Saved data entries:
-------

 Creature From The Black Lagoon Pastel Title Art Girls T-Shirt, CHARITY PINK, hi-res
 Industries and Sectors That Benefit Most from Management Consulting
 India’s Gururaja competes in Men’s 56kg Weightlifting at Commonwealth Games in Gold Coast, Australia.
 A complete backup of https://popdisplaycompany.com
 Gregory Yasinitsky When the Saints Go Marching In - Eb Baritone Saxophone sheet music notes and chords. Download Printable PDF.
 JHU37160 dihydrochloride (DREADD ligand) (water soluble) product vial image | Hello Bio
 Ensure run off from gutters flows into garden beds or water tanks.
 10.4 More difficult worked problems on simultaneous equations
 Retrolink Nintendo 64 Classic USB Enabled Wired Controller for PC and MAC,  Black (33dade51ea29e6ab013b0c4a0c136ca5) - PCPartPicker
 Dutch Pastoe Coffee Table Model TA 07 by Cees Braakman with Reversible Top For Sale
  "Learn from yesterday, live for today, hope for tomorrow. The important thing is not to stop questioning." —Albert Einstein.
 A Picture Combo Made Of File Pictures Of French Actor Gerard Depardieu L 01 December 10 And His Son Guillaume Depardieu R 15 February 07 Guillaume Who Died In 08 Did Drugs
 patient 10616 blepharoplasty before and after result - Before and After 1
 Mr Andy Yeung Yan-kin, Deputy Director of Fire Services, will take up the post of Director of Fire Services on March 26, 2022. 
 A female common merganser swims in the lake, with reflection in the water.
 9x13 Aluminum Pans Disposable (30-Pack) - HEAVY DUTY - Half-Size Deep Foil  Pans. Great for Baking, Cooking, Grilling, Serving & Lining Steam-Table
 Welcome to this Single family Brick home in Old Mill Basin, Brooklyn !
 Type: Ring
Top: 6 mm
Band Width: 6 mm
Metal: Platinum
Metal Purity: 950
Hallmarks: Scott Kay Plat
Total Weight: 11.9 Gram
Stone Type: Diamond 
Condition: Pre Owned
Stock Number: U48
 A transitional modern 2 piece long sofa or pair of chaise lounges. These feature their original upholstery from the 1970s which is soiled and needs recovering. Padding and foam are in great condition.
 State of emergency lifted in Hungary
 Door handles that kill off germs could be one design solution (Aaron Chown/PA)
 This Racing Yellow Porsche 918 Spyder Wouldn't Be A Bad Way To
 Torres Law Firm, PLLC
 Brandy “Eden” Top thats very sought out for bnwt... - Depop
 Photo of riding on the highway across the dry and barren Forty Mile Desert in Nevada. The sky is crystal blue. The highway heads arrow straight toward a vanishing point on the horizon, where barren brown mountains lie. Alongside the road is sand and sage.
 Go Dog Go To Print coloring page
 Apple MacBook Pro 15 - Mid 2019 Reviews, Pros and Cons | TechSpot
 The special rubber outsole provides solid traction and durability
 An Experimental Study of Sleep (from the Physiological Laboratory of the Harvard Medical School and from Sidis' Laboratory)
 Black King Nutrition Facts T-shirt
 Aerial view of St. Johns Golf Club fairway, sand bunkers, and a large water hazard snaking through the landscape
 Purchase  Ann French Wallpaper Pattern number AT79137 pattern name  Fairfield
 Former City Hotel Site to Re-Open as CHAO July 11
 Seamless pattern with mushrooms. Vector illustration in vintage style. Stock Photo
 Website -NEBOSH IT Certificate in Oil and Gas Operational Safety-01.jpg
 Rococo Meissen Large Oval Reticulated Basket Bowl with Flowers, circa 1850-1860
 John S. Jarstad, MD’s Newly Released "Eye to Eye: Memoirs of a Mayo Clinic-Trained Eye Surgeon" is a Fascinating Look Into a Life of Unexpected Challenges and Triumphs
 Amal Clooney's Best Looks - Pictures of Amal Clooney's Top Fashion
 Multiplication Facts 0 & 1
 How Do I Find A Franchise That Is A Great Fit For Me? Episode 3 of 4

-------

Could you state how many lines of the records contain "with"? Give the number and nothing else.

4